Correction of stress and hypoxia signatures shows that stressed cells show a non-recoverable gene signature
Since the stress and hypoxia related expression profiles are apparent, we were interested in studying the ”reversibility” of the transcriptomic signatures, and creating a normalised dataset where hypoxic and stressed cells could merge with the normal cells, and classifying the whole dataset into the original cell types described in.
12
To this end, we applied two approaches with similar results. On the one hand, we considered cell states as batches, and applied batch effect correction with
Figure 3.
Dataset merging of stress and hypoxia populations show mixed degrees of integration with the ”normal” dataset.
(A) UMAP plot of merged ”stress” and ”normal” cells. There is a low degree of integration between both cell types. (B) UMAP plot of merged ”hypoxia” and ”normal” cells. There is a high degree of integration between both cell types. (C) Unsupervised assignation of fibroblast types from (B) reveals, similar to results from Figure 1A, major fibroblast types.
To further study if stress and hypoxia transcriptomic profiles are ”recoverable”, we generated two types of datasets, one each with the stress or hypoxia cells, and another one containing normal cells. When applied the correction to the stress + normal dataset we observed that there was no integration between the two states ( Figure 3A). On the other hand, there was a good integration between the hypoxia and normal cell states ( Figure 3B), and the main fibroblast populations could be correctly mapped ( Figure 3C). From these results we infer that the transcriptome from stressed cells is much more altered than the one from hypoxic cells, to the extent that stressed cells are in a computationally non-reversible state.
Analysis on running times of the Reynolds dataset with different numbers of cells
The Reynolds dataset contains, after some basic filterings, approximately 450k cells. We became interested in analysing the runtimes of a standard single-cell pipeline procedure – consisting on quality control, PCA, graph neighbor construction, dimensionality reduction, clustering and DEG calculation – using different cell numbers, to see how this analysis is scaled. The results of the analysis are observed in Figure 4 and detailed in Supplementary Table 1.
Figure 4.
Running times of a basic single-cell pipeline on Reynolds dataset.

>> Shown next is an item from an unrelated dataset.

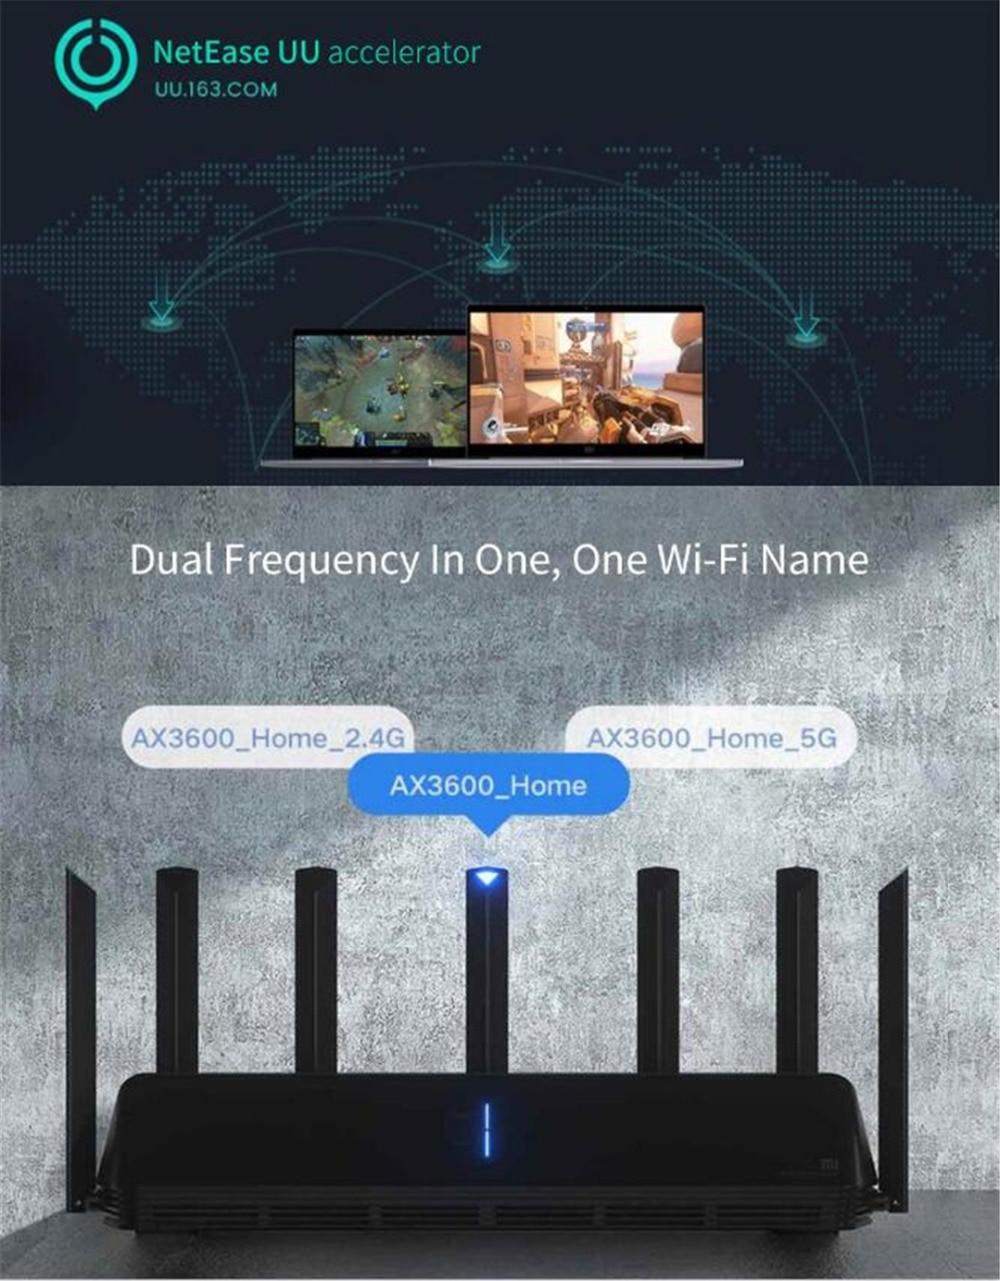 NEW Xiaomi AX3600 AIoT Router Wifi 6 5G Wifi6 600Mb Dual-Band 2976Mbs Gigabit Rate Qualcomm A53 External Signal Amplifier (20)
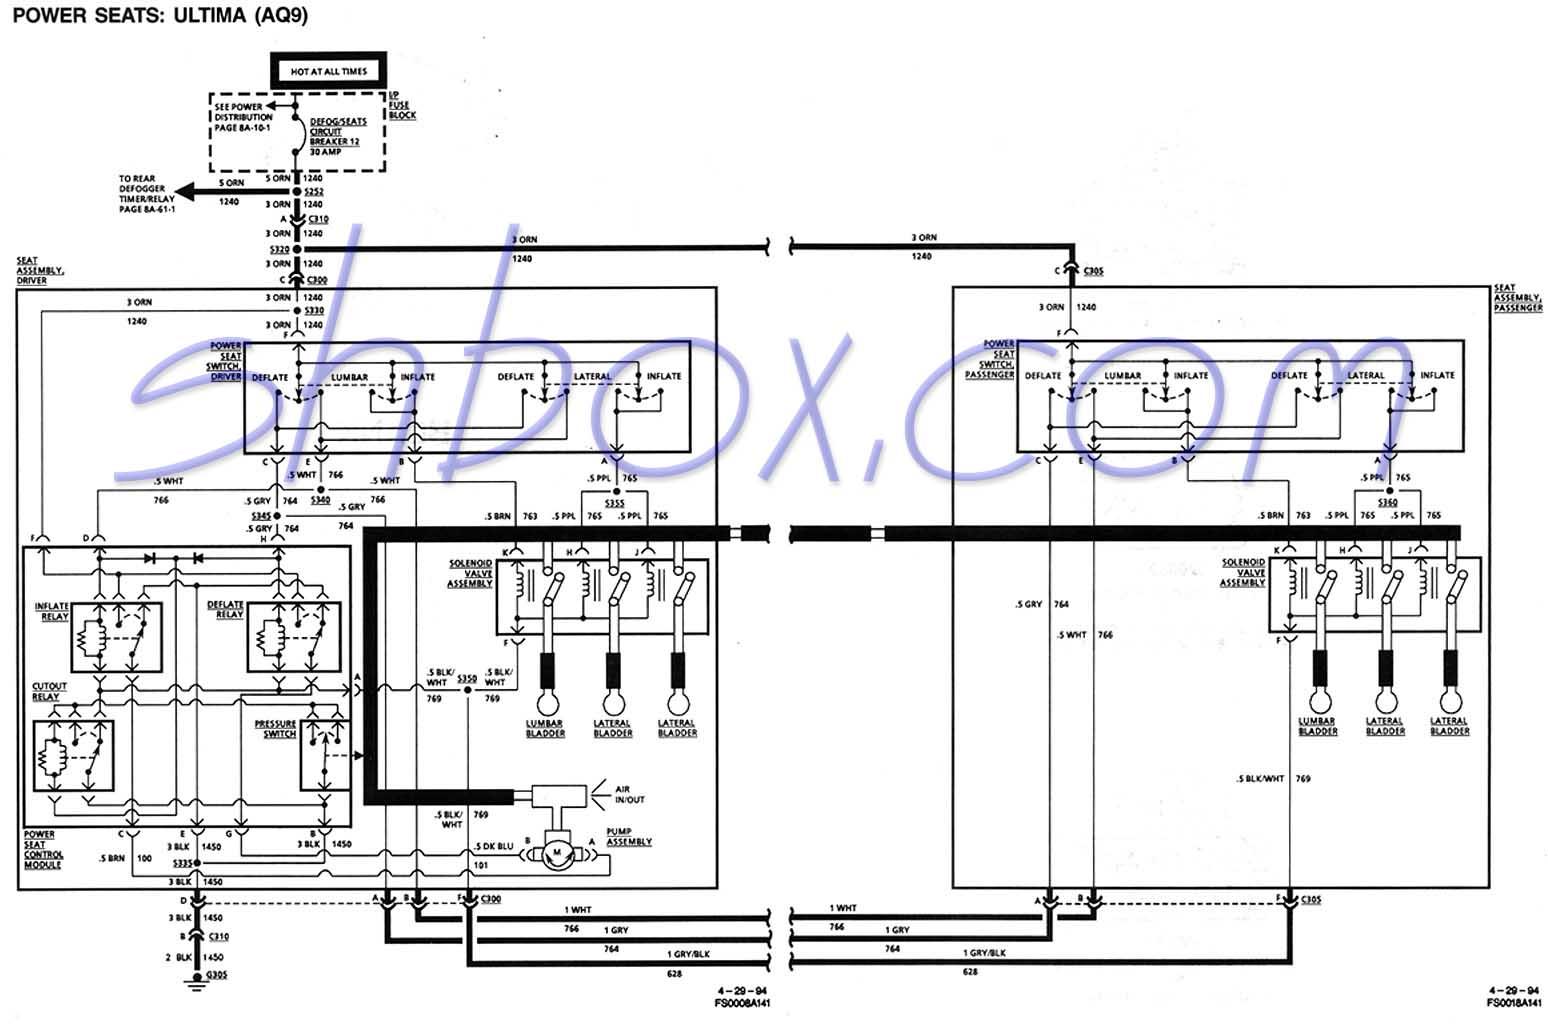 1995 pontiac firebird wiring diagram auto electrical wiring diagram 1995  honda accord wiring diagram 1995 pontiac

For each number of cells, three running times are collected, and the mean (horizontal bar) and standard deviation (vertical bar) are shown. For the [1k - 20k] and [50k - 400k] intervals, two linear regressions were trained and extended outside of these intervals to show that there is a change in the processing time rate at ~30k cells. A doubling in the cell number implies 1.48 times more runtime in the [1k - 20k] interval, and 2.14 times in the [50k - 400k] interval.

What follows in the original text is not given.